For “The Credible Hulk,” this tie is a bit more immediately annoying. After losing to “Old Indian Burial Ground” in Week 6, the tie leaves the “Hulk” at 3-2-1. This puts the “Hulk” in third place in the East. With just one more point this squad could be tied for first with the “M. Bombers” and “The Machado Men.” At least for now, the “Hulk” might feel like their tie is a bit of a thorn in their side.
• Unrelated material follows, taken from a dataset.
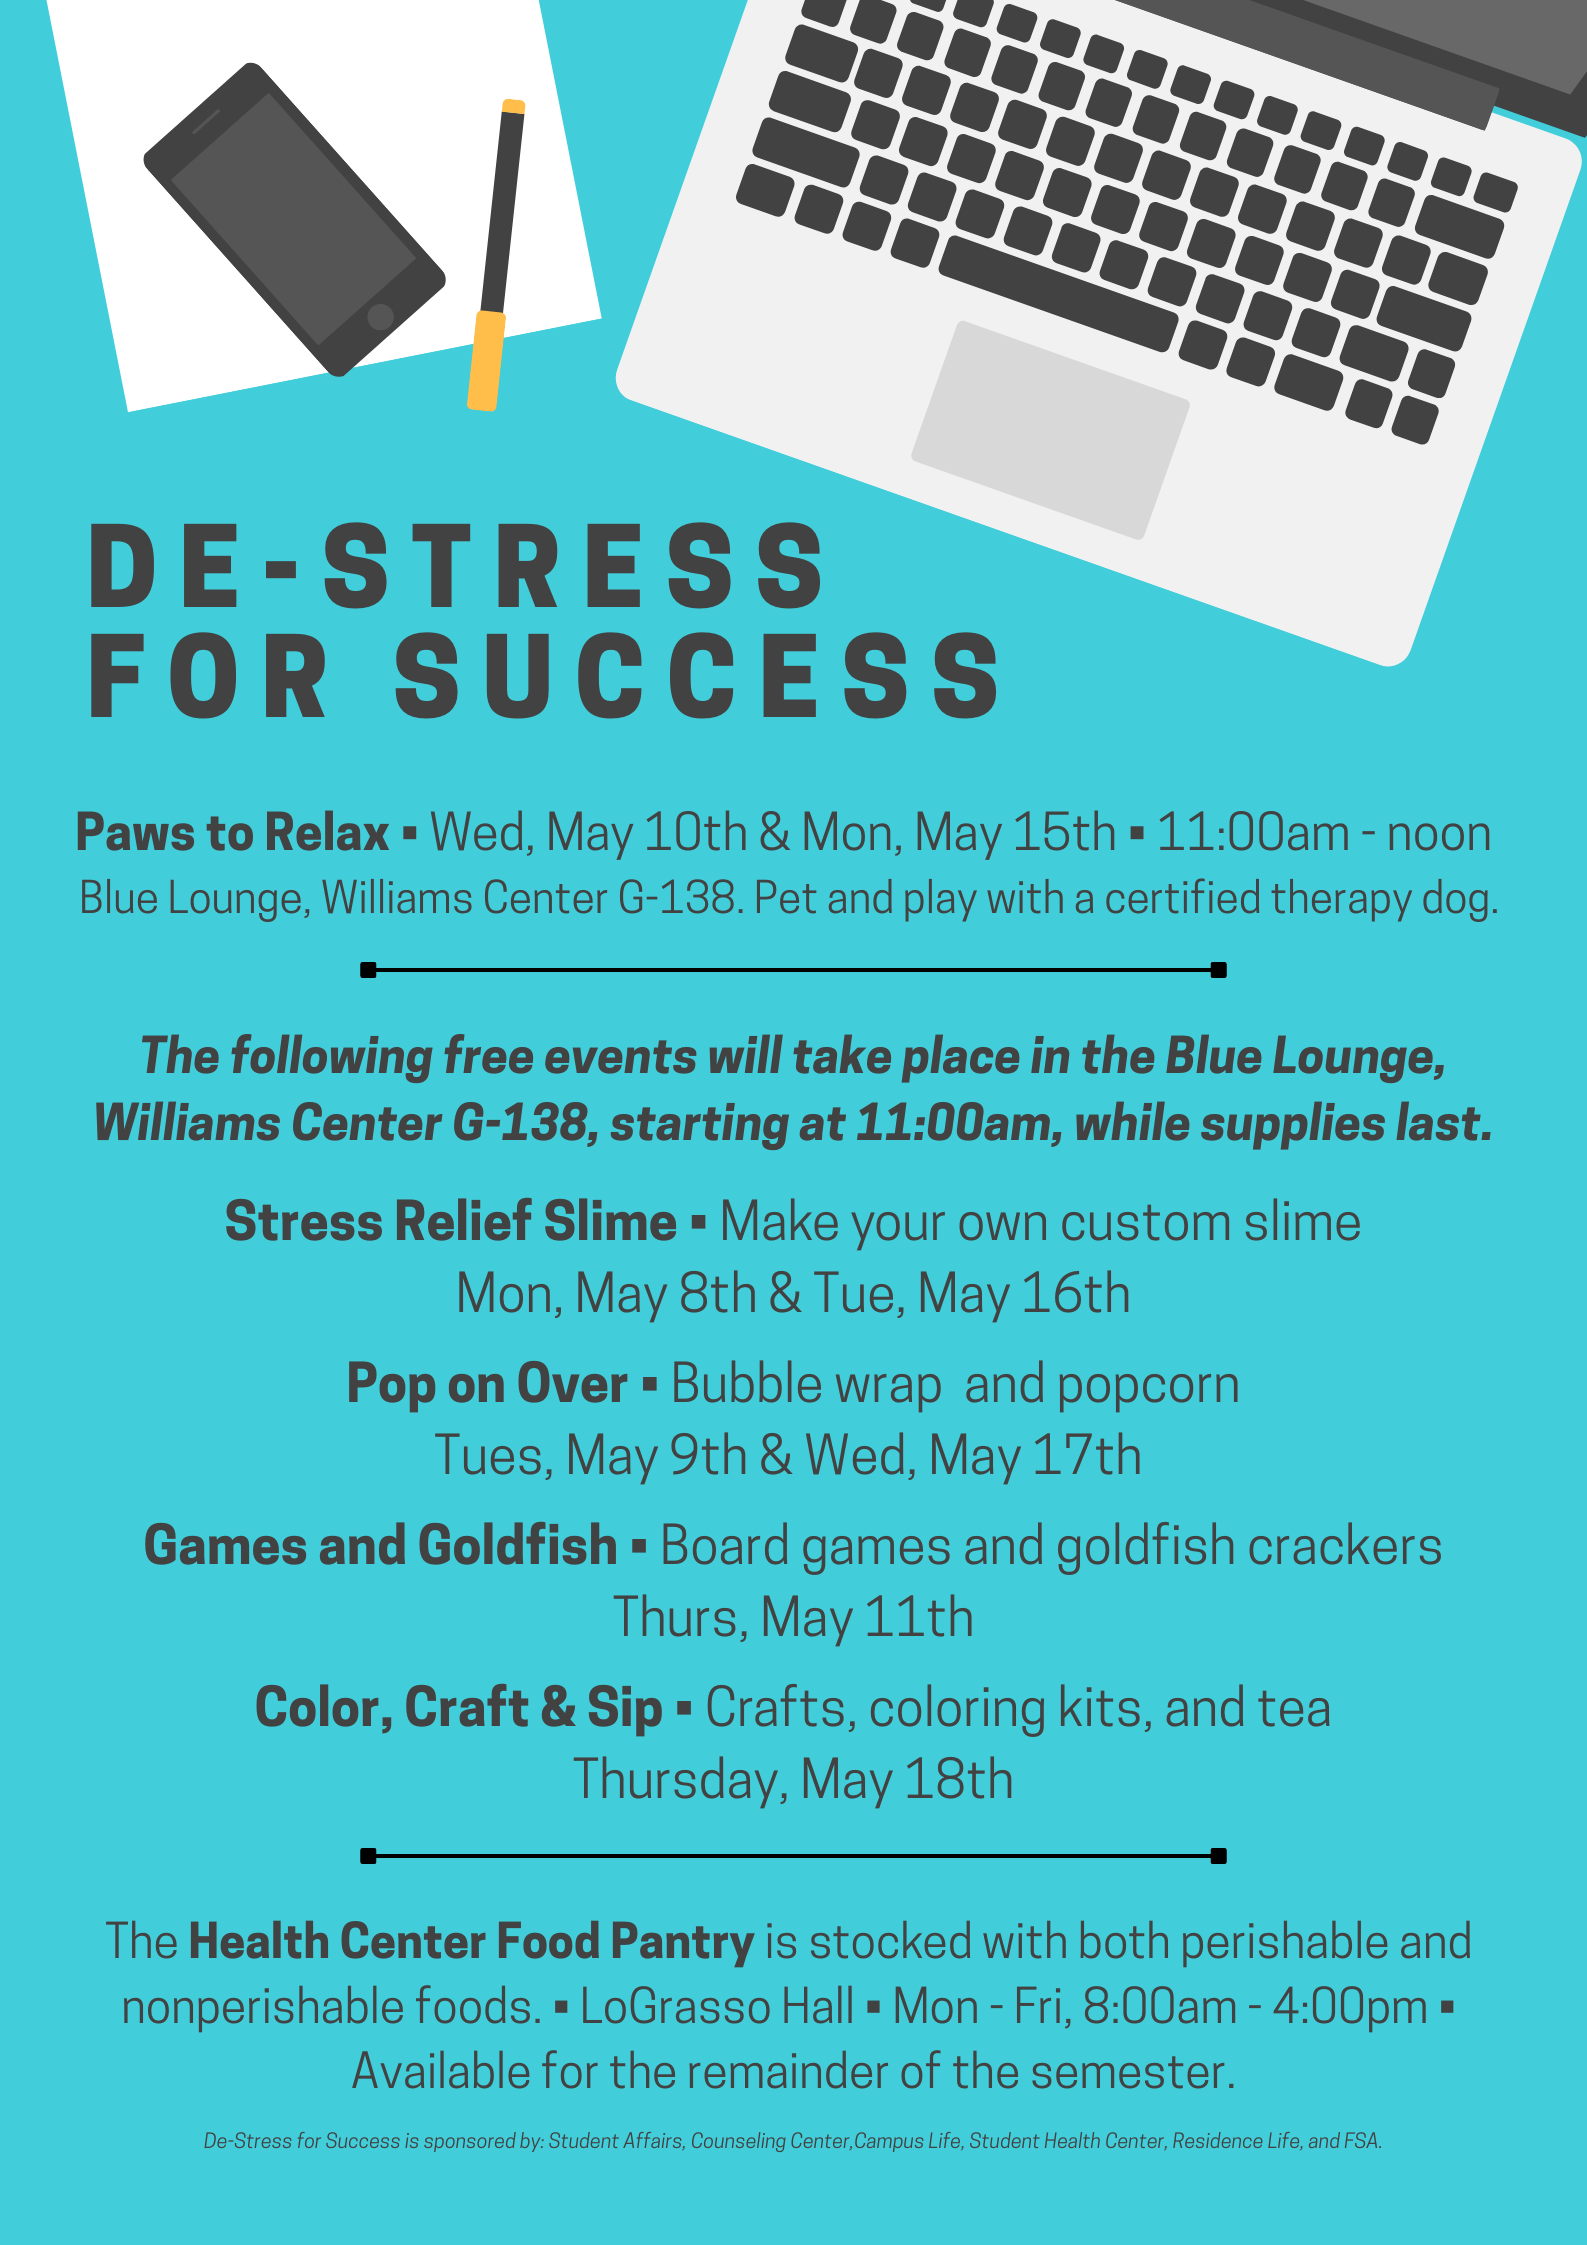 De-Stress for Success

“The D-Train” had their four game winning streak snapped, granting the “Benny Bombers” their second win of the season. Tied going into Sunday, the game seemed like it would be a real nail biter until the end, but the “B. Bombers” ran away with it. Some questionable managing decisions were made late Saturday night by the “Train” that may not have directly caused the loss, but definitely helped exacerbate it.

In other news, there have been two rebranding efforts over the last two weeks by one team. The team formerly known as “Piscotty 2 Hotty,” became “The Old Indian Burial Ground,” and during the process of writing this became “The Liberal Explanation ! s.” I’ll admit I’m baffled as to the cause of these changes. Are you guys just going to start doing this every week? It could get very confusing for our growing audience. We’ve been trying to reach outside of our target audience and make this more than just a trade publication, and all this will do is just confuse new audiences and make it goddam impossible to understand with your esoteric references..

Team to Watch out For: Piscotty 2 Hotty/Old Indian Burial Ground/The Liberal Explanation ! s– They’re like a small market club with their point’s total. While they can’t compete with the league’s big market teams, they’re focused on a molecular approach, winning games, rather than dazzling fans.

Game of the Week: The D-Train vs. The Machado Men: There has been a certain amount of animosity between these two squads since a 2016 rebranding incident which saw the “Men” plagiarize the “Train.”


  1. Mikey Bombers (4-2)
  2. The Machado Men (4-2)
  3. The Credible Hulk (3-2-1)
  4. Benny Bombers (2-4)
  5. Meat is Murder (2-4)


  1. The D Train (4-2)
  2. Green Day’s Mookie (3-3)
  3. The Liberal Explanation ! s (3-3)
  4. Mac’s Smelly Sox (2-3-1)
  5. Tim Tebow is Jesus (2-4)

Fun Fact of the Week: Last week Japanese scientists explaced, or placed explosive, detonators at the bottom of Lake Loch Ness to blow Nessie out of the water. Sir Curt Godfrey of the Nessie Alliance summoned the help of Scotland’s local wizards to cast a protective spell over the lake and its residents, and all those who seek a peaceful existence for our underwater ally.